Reproduce the listing exactly, with no pictures in your copy.

*** Opening of SUPPLIED DATA ***

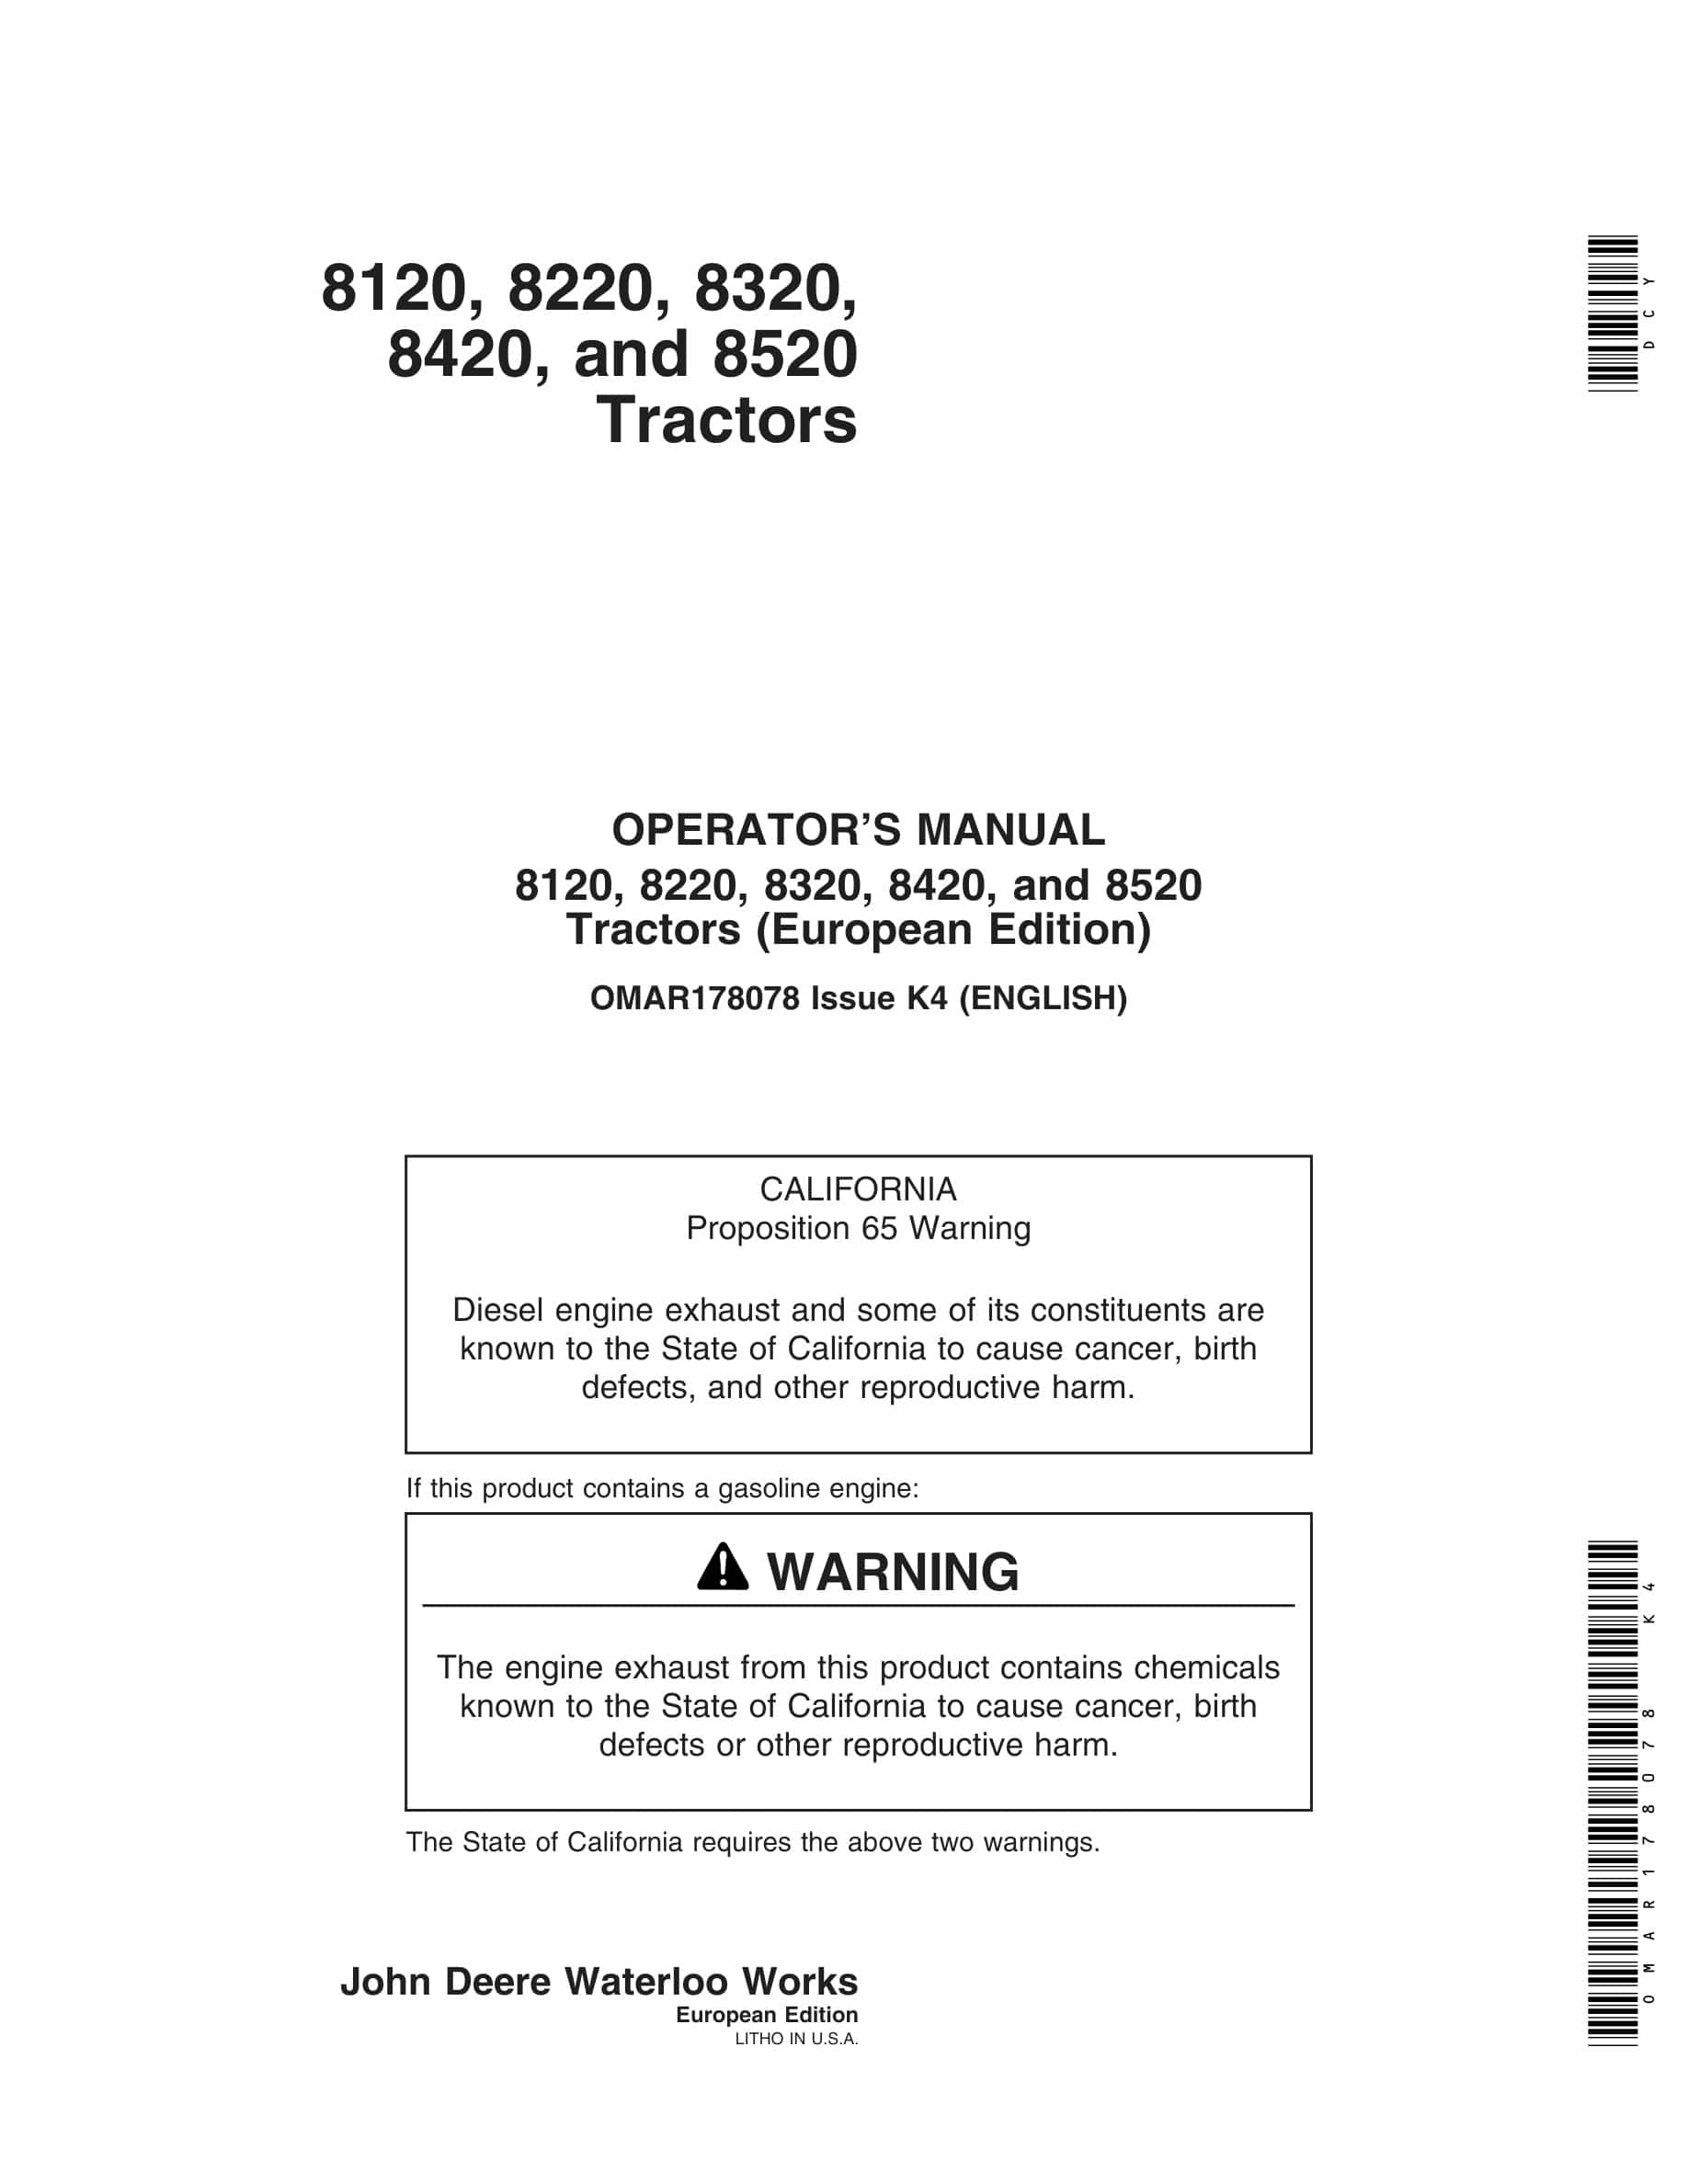 John Deere 8120, 8220, 8320, 8420, And 8520 Tractors Operator Manuals OMAR178078-1
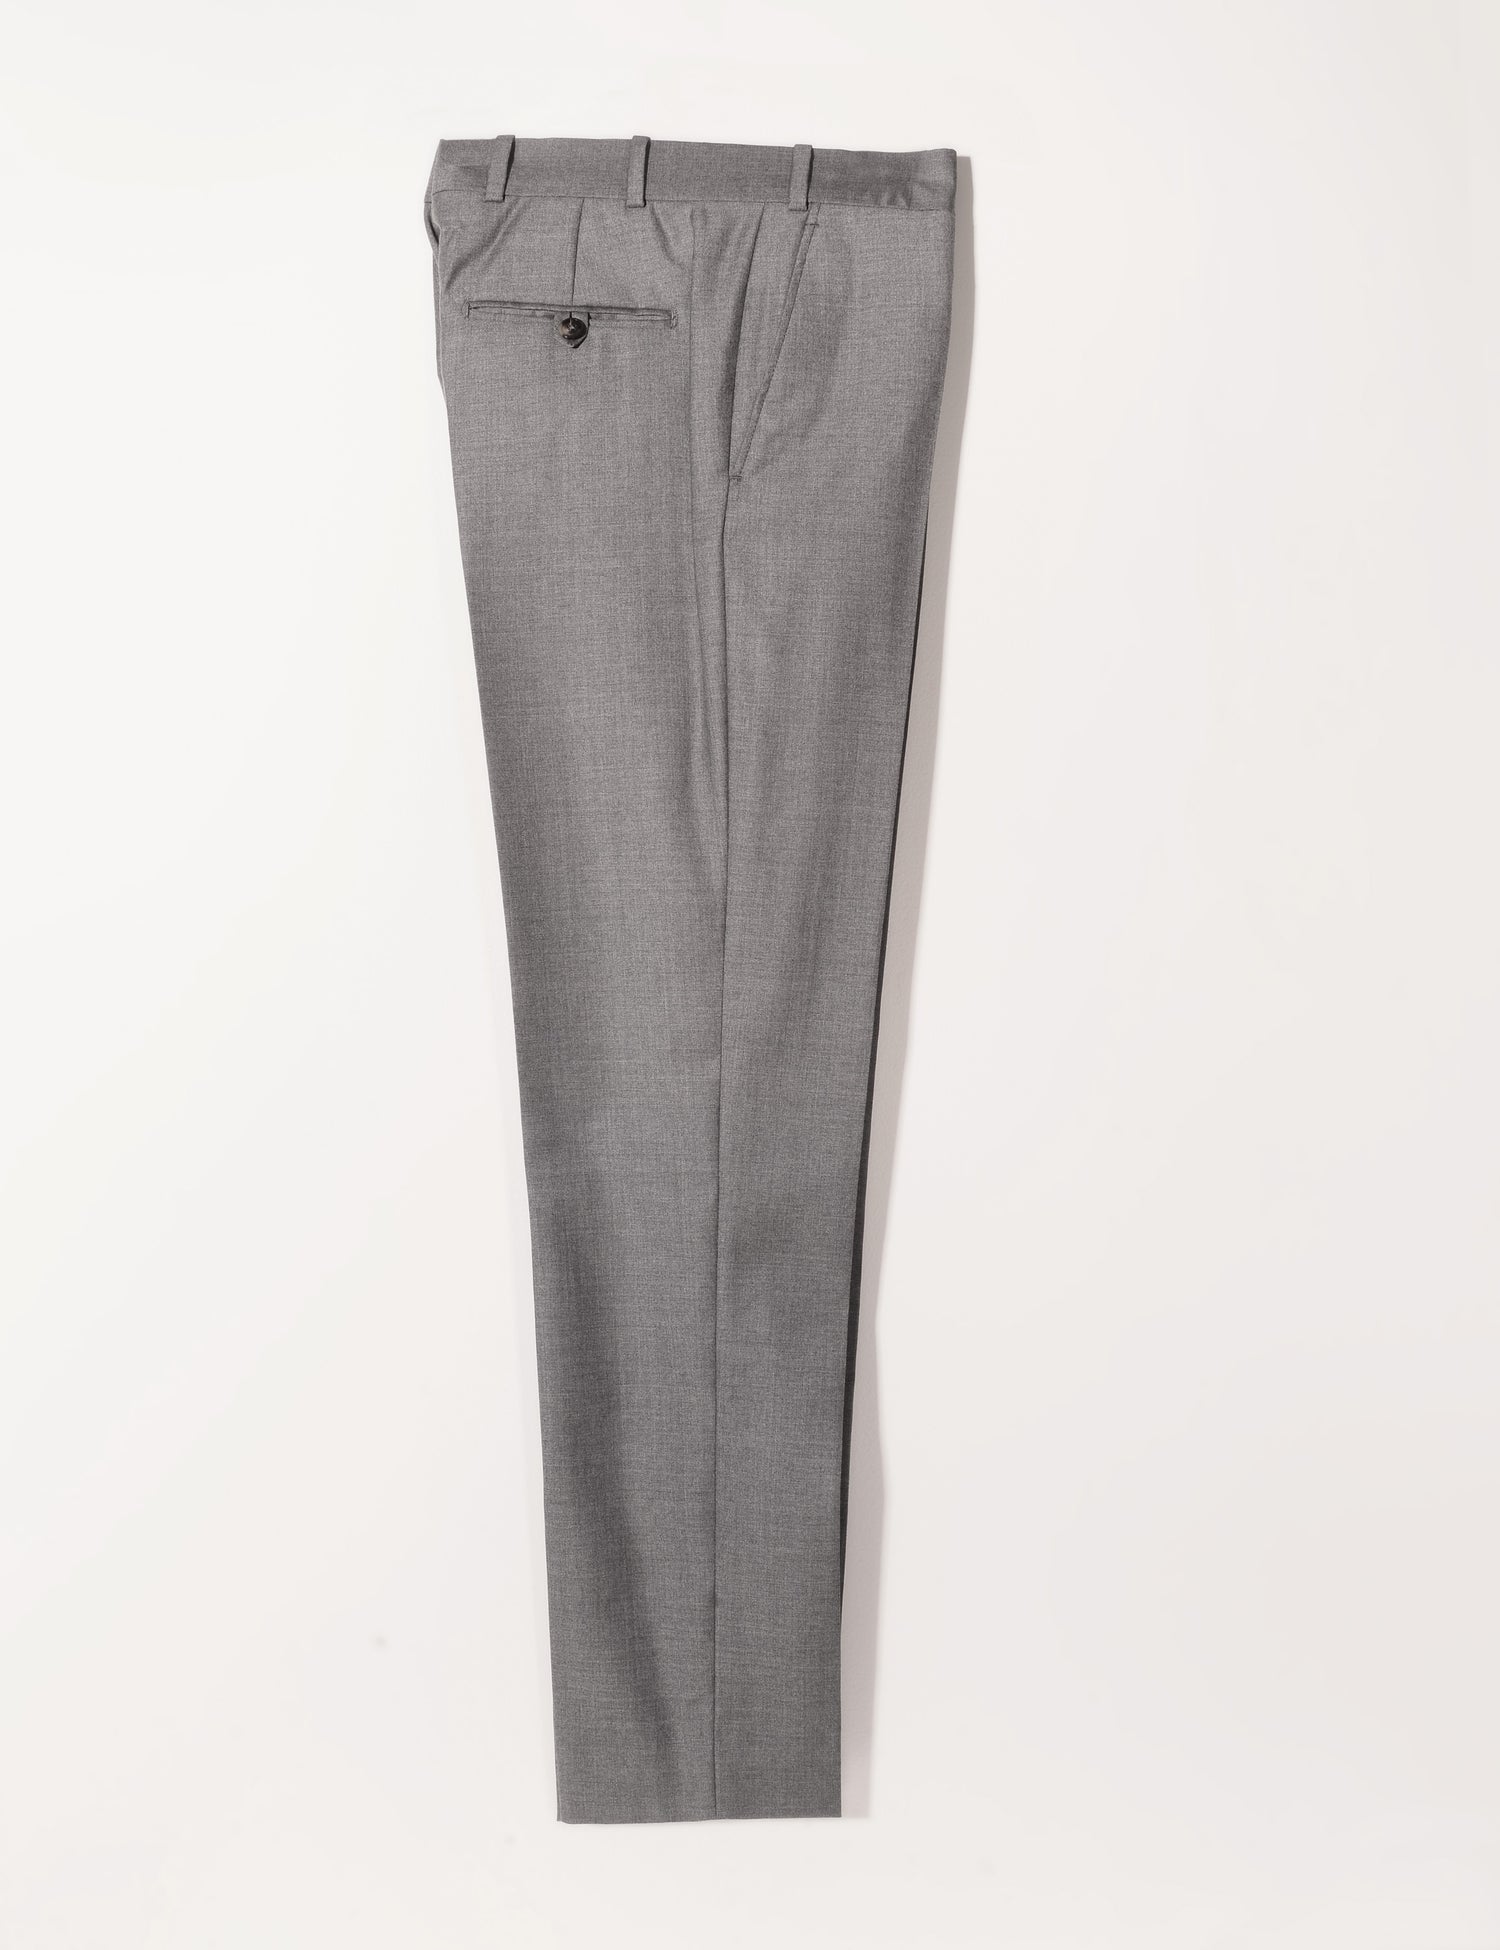 Brooklyn Tailors BKT50 Tailored Trouser in Super 110s Twill - Dove Gray full length flat shot
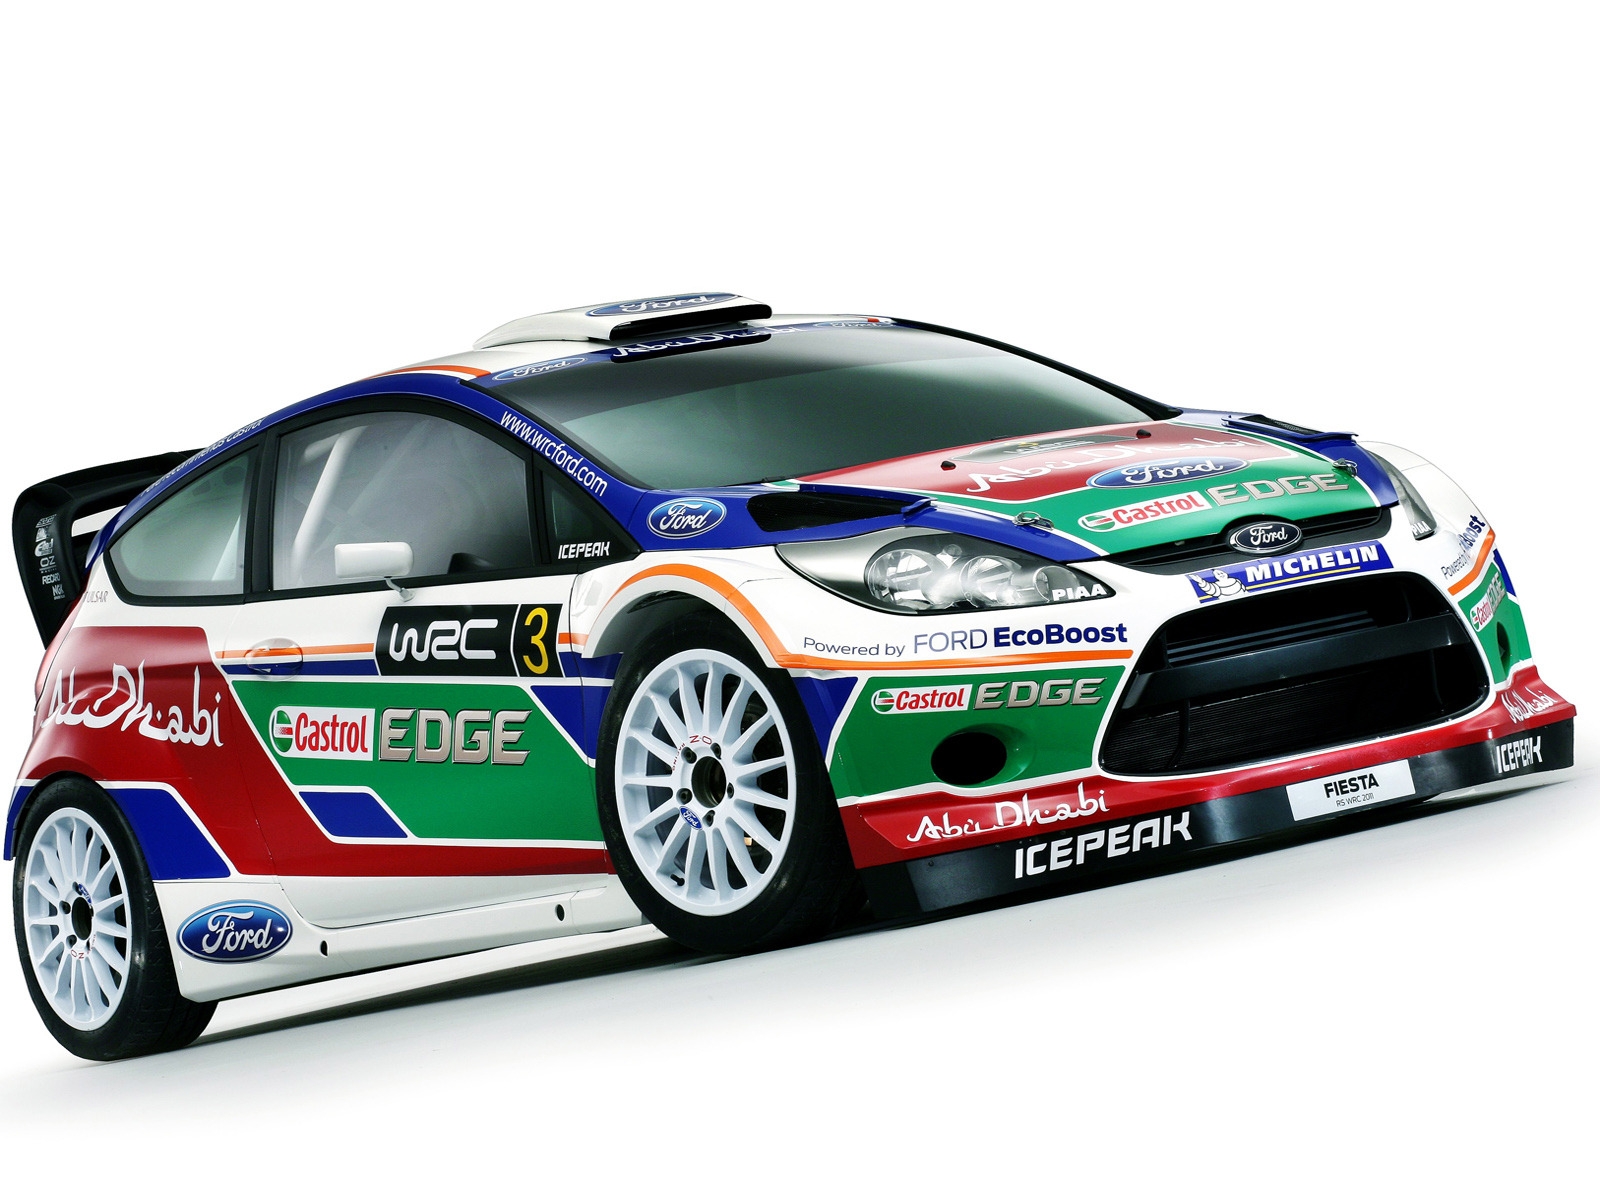 Ford Fiesta WRC for 1600 x 1200 resolution

*** Close of SUPPLIED DATA ***

#### [ANSWER SPACE]
 John Deere 8120, 8220, 8320, 8420, And 8520 Tractors Operator Manuals OMAR178078-1
 Brooklyn Tailors BKT50 Tailored Trouser in Super 110s Twill - Dove Gray full length flat shot
 Ford Fiesta WRC for 1600 x 1200 resolution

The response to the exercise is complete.